Have seen quite a lot of it sold on ebay too.


----------



## The Doctor

Traffic Film Removers are designed as a deep cleaning product. A lot of people on here will refer to TFR as degreaser but in general they are both the same type of product.

I personally only use TFR if im doing a deep cleanse of the car and im going to rewax afterwards. TFR is designed to remove grease,oil,road film etc. so its going to attack any wax thats on the car and try removing that as well. A lot depends on the product used,the wax thats on the car and the strength of the TFR dilution. 

Personally i only ever use a non caustic TFR but some TFR's contain very low amounts of caustic and a wash every now and then wont do any real harm if the product is diluted properly. 

If your looking for the kindest possible TFR have a look on the label and see if there are any health and safety warnings. Anything labelled as Corrosive is likely to have more than 2% caustic content(if i remember rightly).Usually a low caustic product (less than 2%) will be labelled as an Irritant. The TFR that i use is not classified as hazardous and as such does not contain any warning signs on the label.
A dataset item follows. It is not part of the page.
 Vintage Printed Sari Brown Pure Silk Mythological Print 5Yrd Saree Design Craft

Just for your info the TFR i use is called Hazsafe but there are lots of different ones available.

One last thing,dont use any TFR on unlaquered paintwork as it can dull them off within seconds.


----------



## Guest

Go look at vauxhalls/Audi's (or any car with chrome tbh) and you will more than likely find some damage from TFR applied at too high a ratio by dealer/£5 wash.

The give away is damage that looks like "fish scales"
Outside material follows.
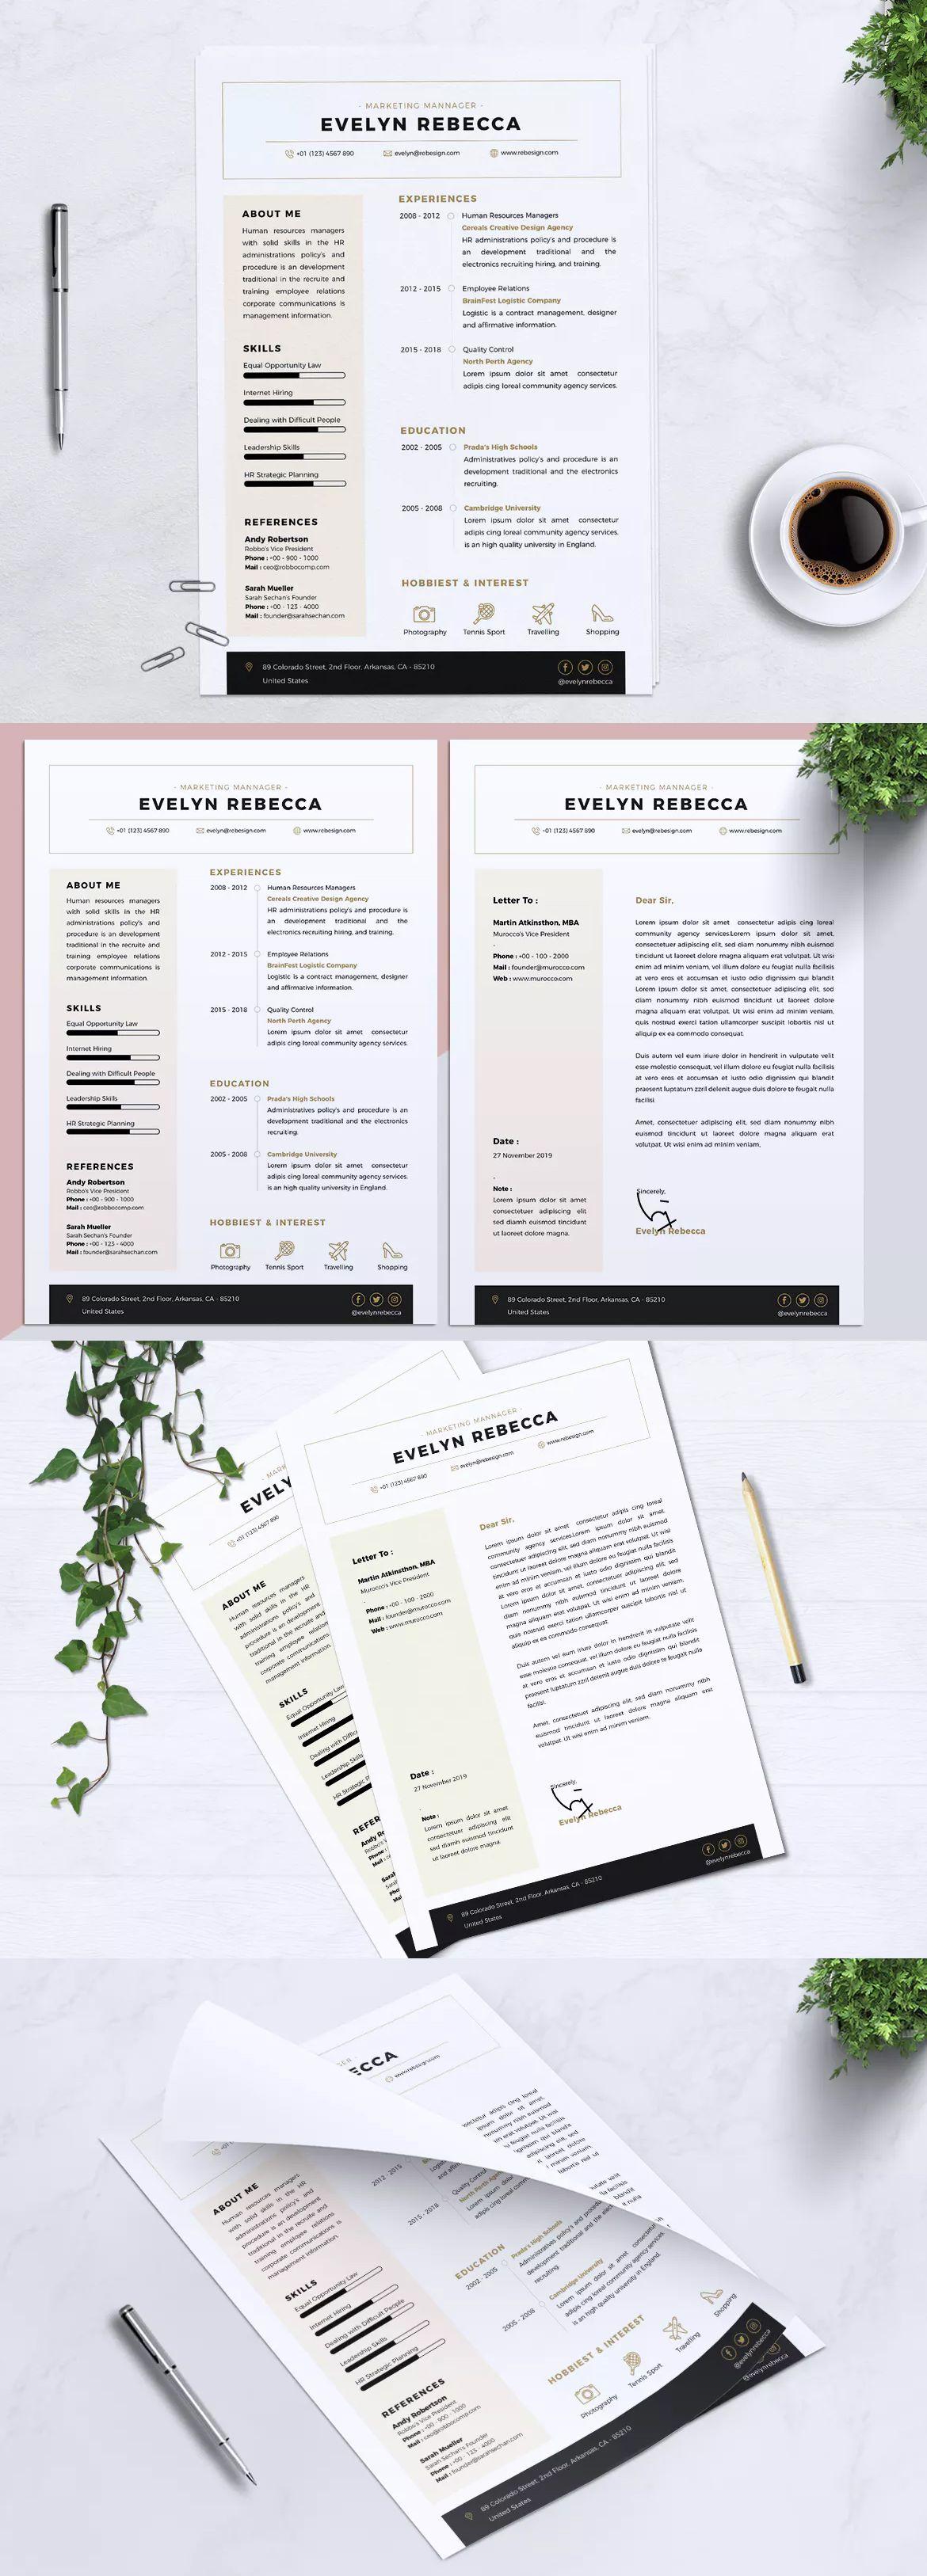 Minimalist CV Resume Vol. 33 by RahardiCreative on Cv

You can use TFR at a weak solution to clean up the sills, bumpers, grill etc

I like AG Powermax3 at correct dilution, thru a hand pump sprayer.


----------



## astrobhoy

thanks guys - i suspected that it might be a bit harsh on the bodywork using it regularly. I'll see if i can find a weaker solution of it to use sparingly. 

thanks


----------



## Guest

Dilute as per company recommend.


----------



## gug54321

wht about colli 876 its supposed to be "detergent proof" what will it stand up to if not tfr


----------



## The Doctor

gug54321 said:


> wht about colli 876 its supposed to be "detergent proof" what will it stand up to if not tfr


It all depends on the TFR used and the dilution.


----------



## 1Valet PRO

TFR stands for traffic film remover. As such snow foam and tfr do the same job.

the way tfr's are designed can be differant though.

the two main types are caustic base and non caustice based. Caustic TFR are a no no if your going to use them as a regular cleaner on the same cars. Caustic tfr are cheap and very effective.

Non caustic TFR. the main design is with a chamical called metasilicate which does a similar job to caustic tfr's but it is not corrosive. However this product can still dull paint work if abused. There are some forumaler of metasilicate tfr the can be used as a regular TFR and some that are not. It is best to speak with your rep to find out which products are designed to clean cars on a regular basis. There are non caustic TFR that don't contain metasilicate and these are the best TFR to be used on a regular bases.


----------